The prompt for this thread is a recent story about US power grid vulnerabilities in the Las Vegas Sun. Unsurprisingly, by interconnecting local power grids into a single 'intergrid', engineers and officials have created a system that essentially begs to be attacked. (The headline writer engages in a humorous bit of psy ops by warning about the potential for foreign attacks, as if no one within the USA's borders would do such a shameful thing.)
Whether power grids, web hosts, medical records, state secrets, or anything else that is system critical, when control is centralized, either physically or protected with a password, it becomes a single point of failure. Clearly, like the Internet, an optimal system should be built on a network with a multitude of nodes, such that, if any or even most nodes are corrupted, the remaining network can continue to operate.

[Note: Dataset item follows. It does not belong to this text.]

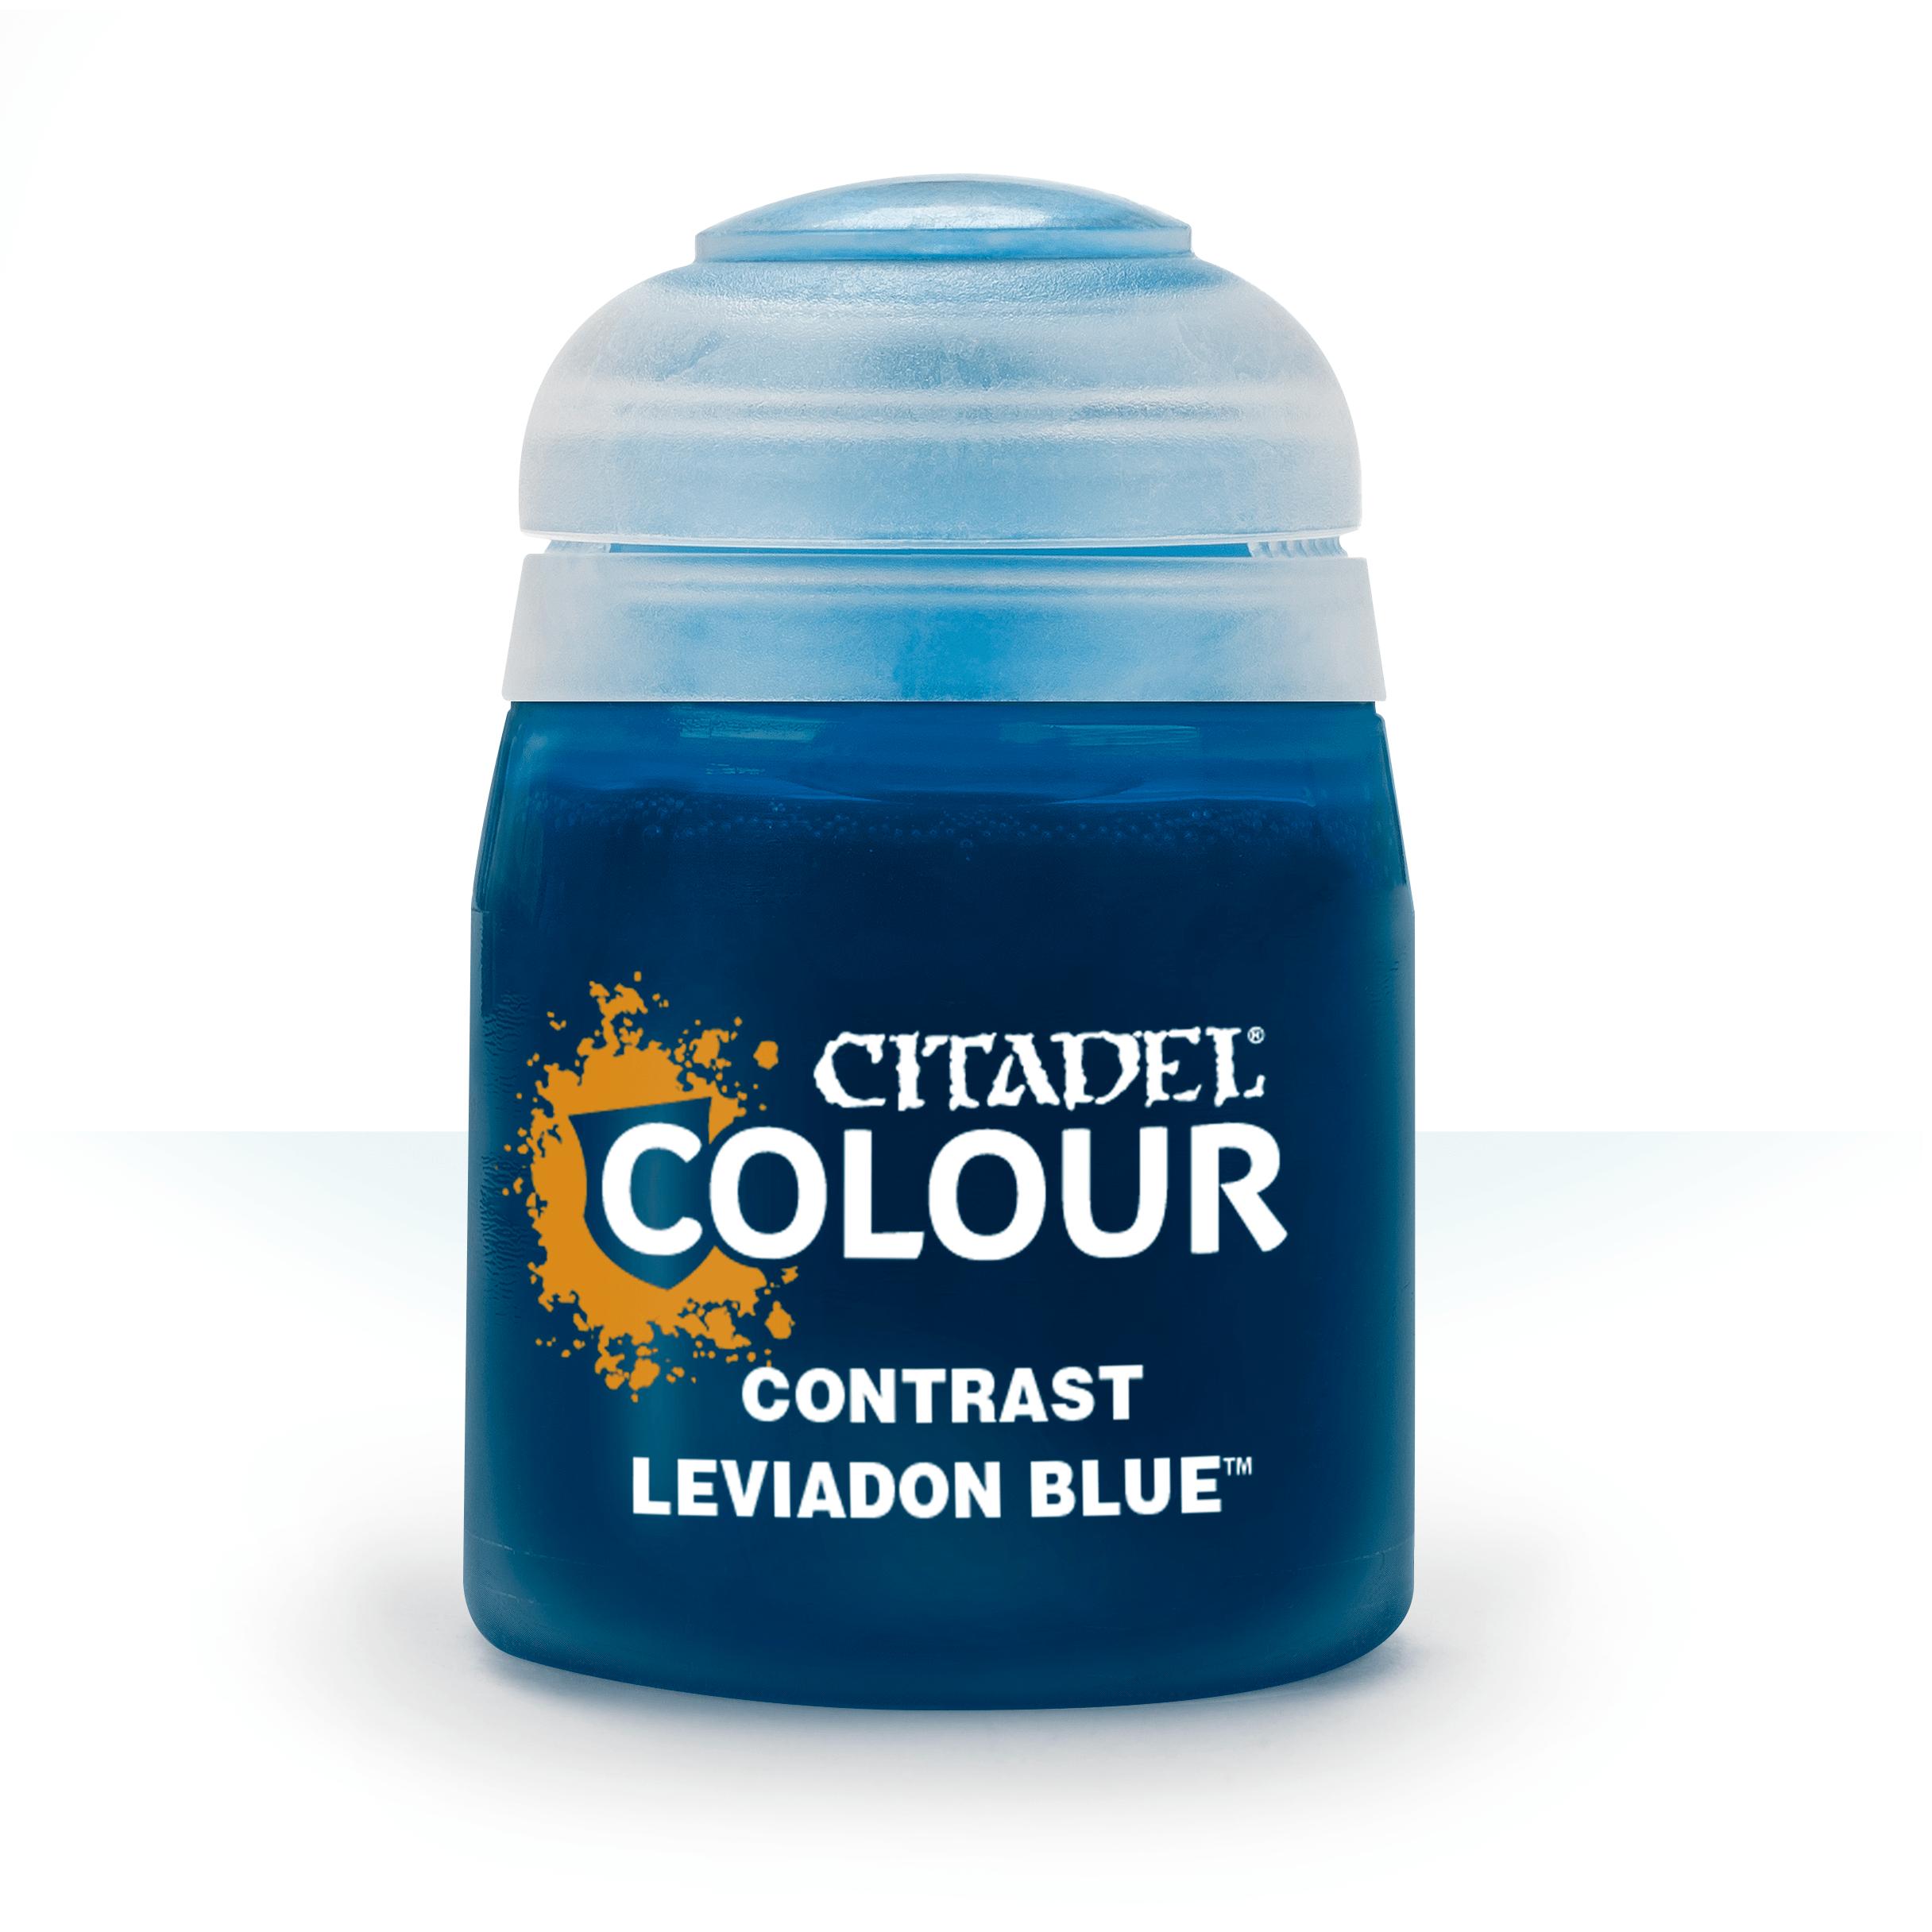 CONTRAST: LEVIADON BLUE

The question then becomes: to what degree of granularity? Should, e.g., the power grid be broken into sub-grids that serve 10 million households each? If 10 million is still too big and vulnerable, perhaps 1 million? Maybe each neighborhood? Perhaps, each building? Why stop there, and why not have each commercial or residential unit—each office and apartment—generate its own power? Why not each appliance? Should each appliance have multiple redundant and independent power sources, just to be on the safe side?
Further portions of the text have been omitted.